The rapper Jin tha MC, formerly of the DMX-led hip-hop collective Ruff Ryders, is a professing Christian who just recorded a song about Lin, the Knick wunderkind.  The song is linked above and is very good (with thanks to my Boyce student Danielle DeVault).  You can see Jin’s natural rapping talent, and the lyrics are quite good as well.  Here’s more on Jin’s very strange transition from sharing the stage with DMX, one of the biggest rap stars of the 90s, to evangelical.

See this if life to me to you it’s entertainment
its quite intricate and only I can explain it
to say I’ve come a long way would be an understatement
the moment of truth every single one is savored
chasing greatness not the pressure that it came with
far from picture perfect observe as I paint it
dealing with the games highs and lows
you win some you lose some yeah I suppose
but when the sweet smell of victory is by my nose
I see whats goin’ on even when my eyes are closed
guarantee you’re not stoppin’ me or blockin’ me
all I need is one shot promised you’ll be shocked to see
the outcome I don’t just play to win
everytime I lace up yeah I play for Him
doin’ my all to make sure that Your glory is known
while they fighting for the title see the King on His throne

John Starke just pointed me to a nice article from the NYT on Lin’s effect on Asian-American Christians.  Here’s a funny snatch that relates as much to gender as to ethnicity:

Many of them were not even basketball fans. Jay Kim, 29, had not watched the Knicks since they were in the N.B.A.finals more than a decade ago. Greg Wong, one of the night’s organizers, admitted to falling asleep when he watches sports.

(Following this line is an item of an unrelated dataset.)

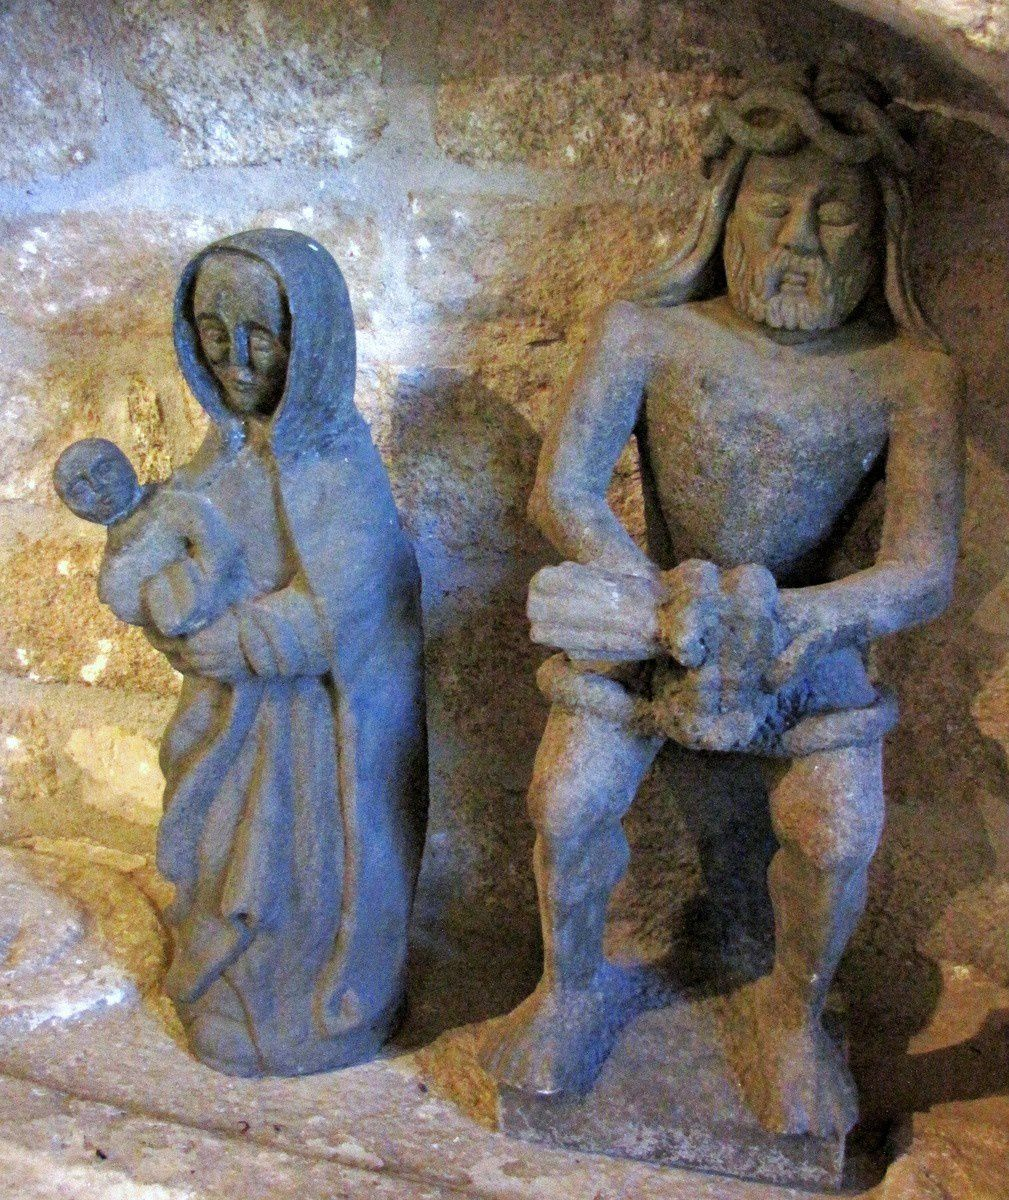 Vierge et Christ en kersanton, chapelle de Beuzec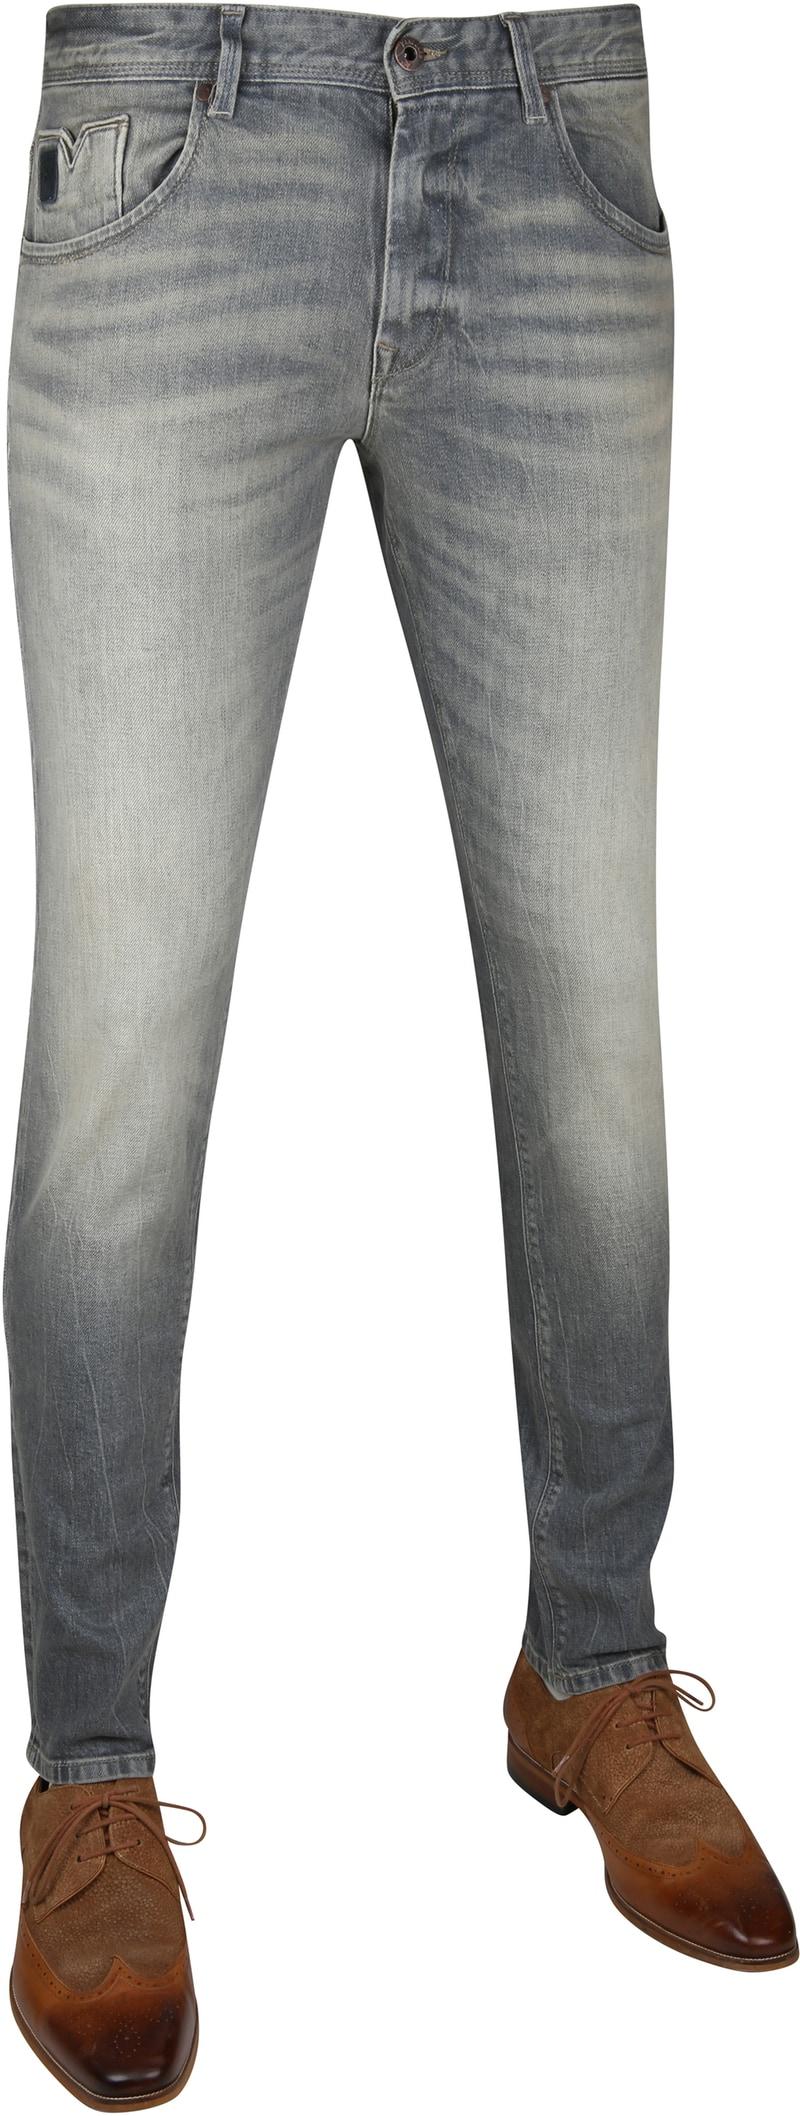 Vanguard V7 Rider Jeans Grey Beige photo 0

“I don’t even follow football,” one woman said. “Wait, this isn’t football.”

I certainly can’t speak for Asian-American evangelicals, but I am thrilled that an athlete from this heritage is thriving and capturing the nation’s attention.  It is my earnest hope that this little ripple in the culture leads to a greater voice for Asian-Americans in evangelicalism.  That is a very needed development, in my limited estimation.  I would love to hear more from Asian-Americans on this point, so if you’re inclined, sound off in the comments.  Is “Linsanity” a good development on this front?  What can be done to give Asian-American Christians a greater voice in the church?

In the meantime, may Jeremy Lin only continue to thrive.  This is thrilling for sports fans in general and Christian sports fans who love an underdog more specifically.  From every tribe and tongue, we are the people, after all, who have in God’s mysterious grace left all we have to follow the ultimate underdog, Jesus Christ, God in human flesh.